When founding a company, it is common for you to be both director and shareholder of that company. Being a founder, a director and a shareholder are not all the same thing. You need to ensure you understand the distinction between each role, as each role comes with different rights and responsibilities. This article explains the difference between a founder, director and shareholder. It also identifies some issues to look out for when acting in the capacity of more than one of these roles.​

These concepts are only relevant to you if you operate your business via a company.​

I’m a founder, director and shareholder in a company

It is common for a founder of a company to be both a director and shareholder of that company. Even if you are not the founder of a company, you may be a director and a shareholder. Each of these roles comes with different rights and responsibilities. If you fail to comply with your responsibilities while performing a role, then you risk:​

  • an individual or company bringing legal action against you;
  • receiving a fine; and/or
  • facing criminal sanction, including a custodial sentence.

These risks are all significant. Therefore, it is essential to know what is expected of you in each of your roles. You have duties not only to your company but to other key stakeholders.​

What are the differences between the different roles?

Founder

How do you get this role?

Founders refer to those that start the business, be it alone or with others. The law does not recognise founders as a legal concept. That is, no law exists defining founders. Instead, it is up to you and the people who call themselves ‘founders’.​

You do not necessarily have to invest in your company to be a founder.
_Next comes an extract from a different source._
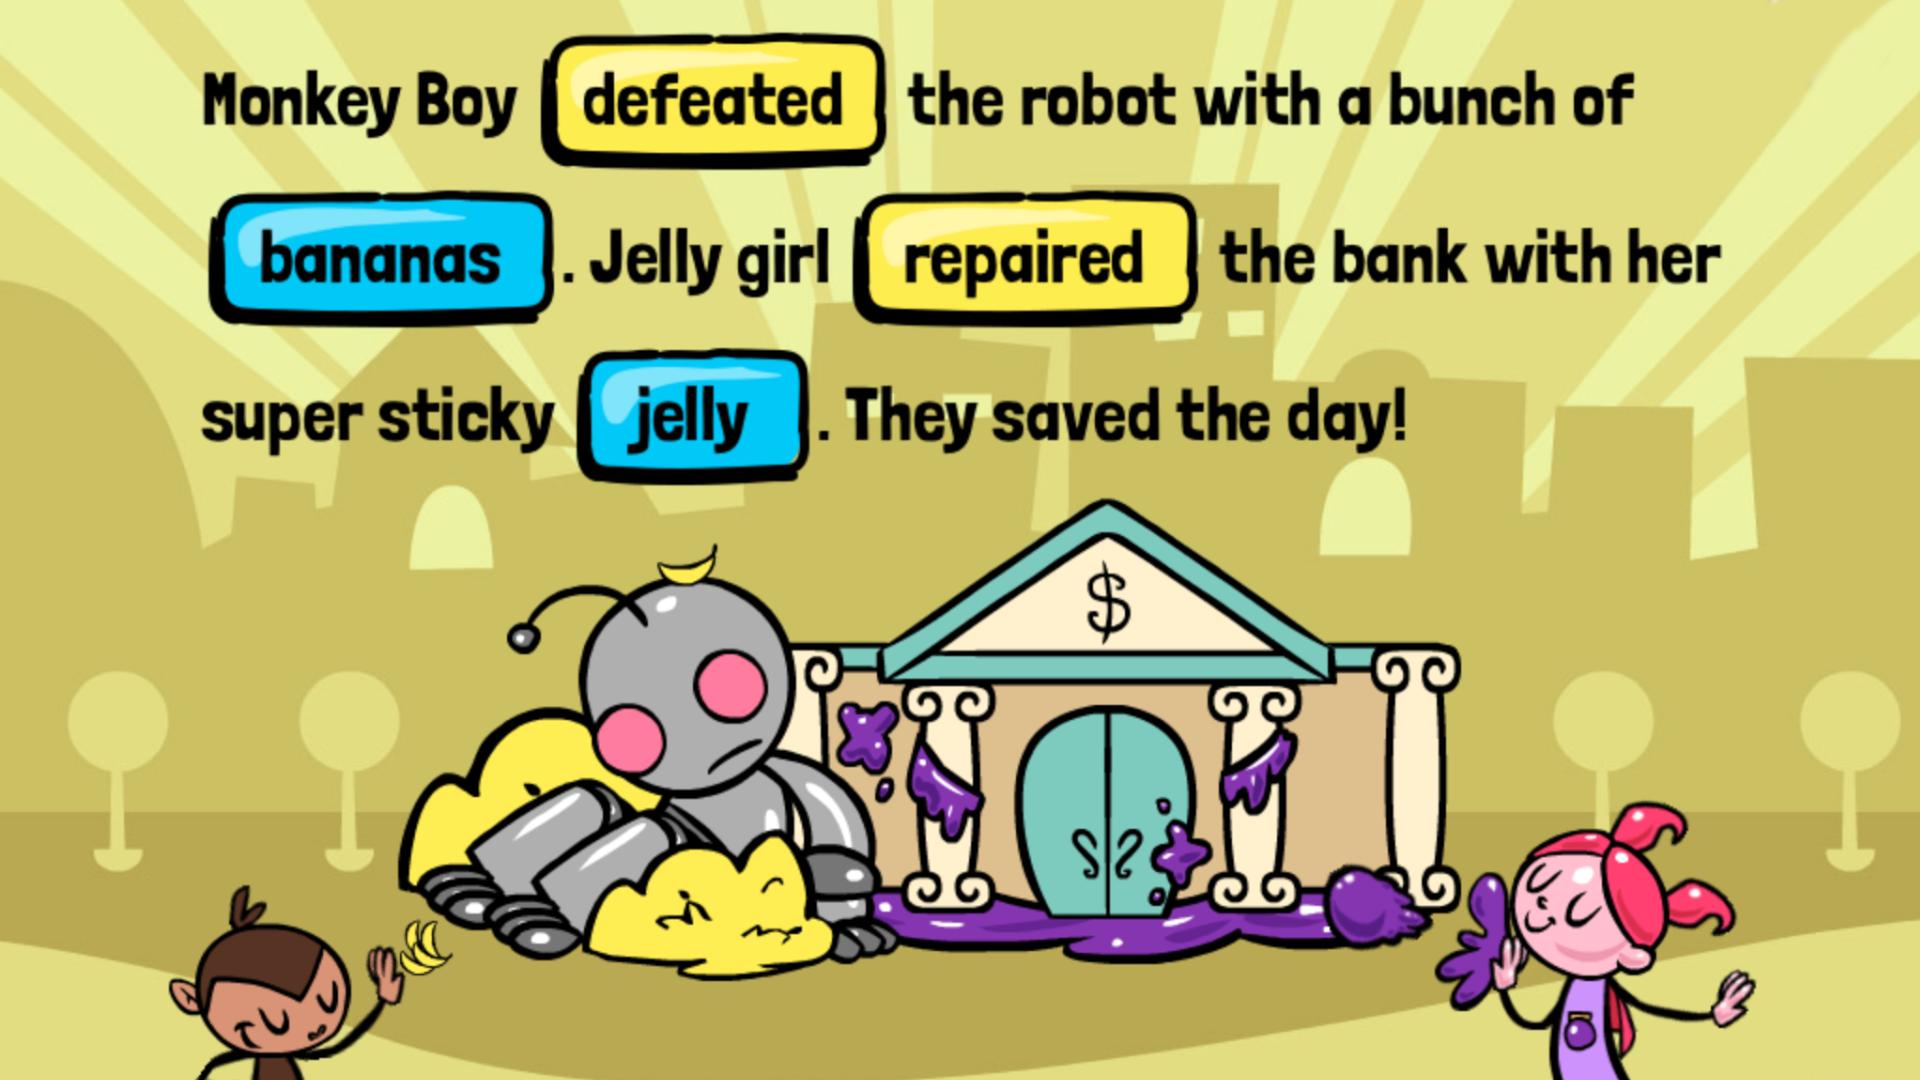 Read Across America Book List - Robot vs Bananas

However, founders often contribute capital at an early stage in the business. Usually, this is in the form of equity shares, though it can also be a loan. ​

What rights do I have?

Being a company founder does not automatically grant you certain rights in respect of the company. ​

However, certain founder rights may be granted to you under your company constitution or shareholders agreement. Typically, for example, a founder has an entrenched right to appoint a director (regardless of the percentage of shares held).​

Do I get paid for my role?

As a founder, you may be an employee or contractor of your company. If you are, you are entitled to receive payment of at least the minimum wage. Often founders will choose to receive their salary in the form of company shares rather than cash.​

What are my responsibilities?

A founder is not a legal concept. Therefore, you do not have any legal responsibilities as a founder unless you have agreed to specific responsibilities under, for example, the shareholders agreement or a contractor or employment agreement.​

​

Director

How do you get this role?

The company’s directors and/or the shareholders appoint directors. Your company’s constitution or shareholders agreement typically outlines the appointment process. Absent this, provisions in the Companies Act apply. You must sign a director consent form before becoming a director.​

What rights do I have?

As a director, you have the right to make certain business decisions on behalf of the company. Often these decisions need to be made in consensus with other directors. ​

Typically, directors make decisions collectively unless the company specifically delegates certain powers to one or more directors. The company’s constitution and/or shareholders agreement typically specifies decision-making. Again, absent this, the relevant provisions in the Companies Act take effect.​

Do I get paid for my role?

As a director, you may receive payment for your role. Generally, the shareholders will decide the amount or approve the amount proposed by you or the other directors. However, if you are also a founder working in the business, you would generally not receive both a salary and a director’s fee.​

What are my responsibilities?

If you are a director, you will have several responsibilities. The most important of these are your director’s duties. The primary duties of directors are to:​

  • act in good faith and the best interests of the company;
  • exercise your power as a director for a proper purpose;
  • not to create a substantial risk of serious loss to the company’s creditors;
  • take reasonable care, diligence and skill;
  • ensure that the company can pay all its debts; and 
  • comply with the Companies Act.

The law applies significant penalties if a director fails to fulfil their duties or acts dishonestly.​

​

Shareholder

How do you get this role?

You become a shareholder in a company if you buy shares in the company. This includes any shares you receive upon the company’s incorporation. You will be a shareholder in the company until you sell or surrender all of your shares.​

What rights do I have?

Whilst the directors control the day-to-day running of the company, shareholders have the right to vote on key decisions. These include the decision to remove directors in some cases, change the rights attaching to shares or wind up the company. ​

You may also have the right to share in the profit that the company makes.​

Do I get paid for my role?

You do not get paid for your role as a shareholder. However, you may be entitled to receive dividends depending on the rights attached to your shares. (Not all shares pay dividends, though most do).​

What are my responsibilities?

As a shareholder, your only liability is to pay up any amount you have not yet paid for your shares. For example, if you received shares worth $1,000.00 but only paid $1.00, you have a $999.00 liability to the company. You have no other liabilities, meaning that you are not responsible for the company’s debts.​

When should I be careful about my different roles?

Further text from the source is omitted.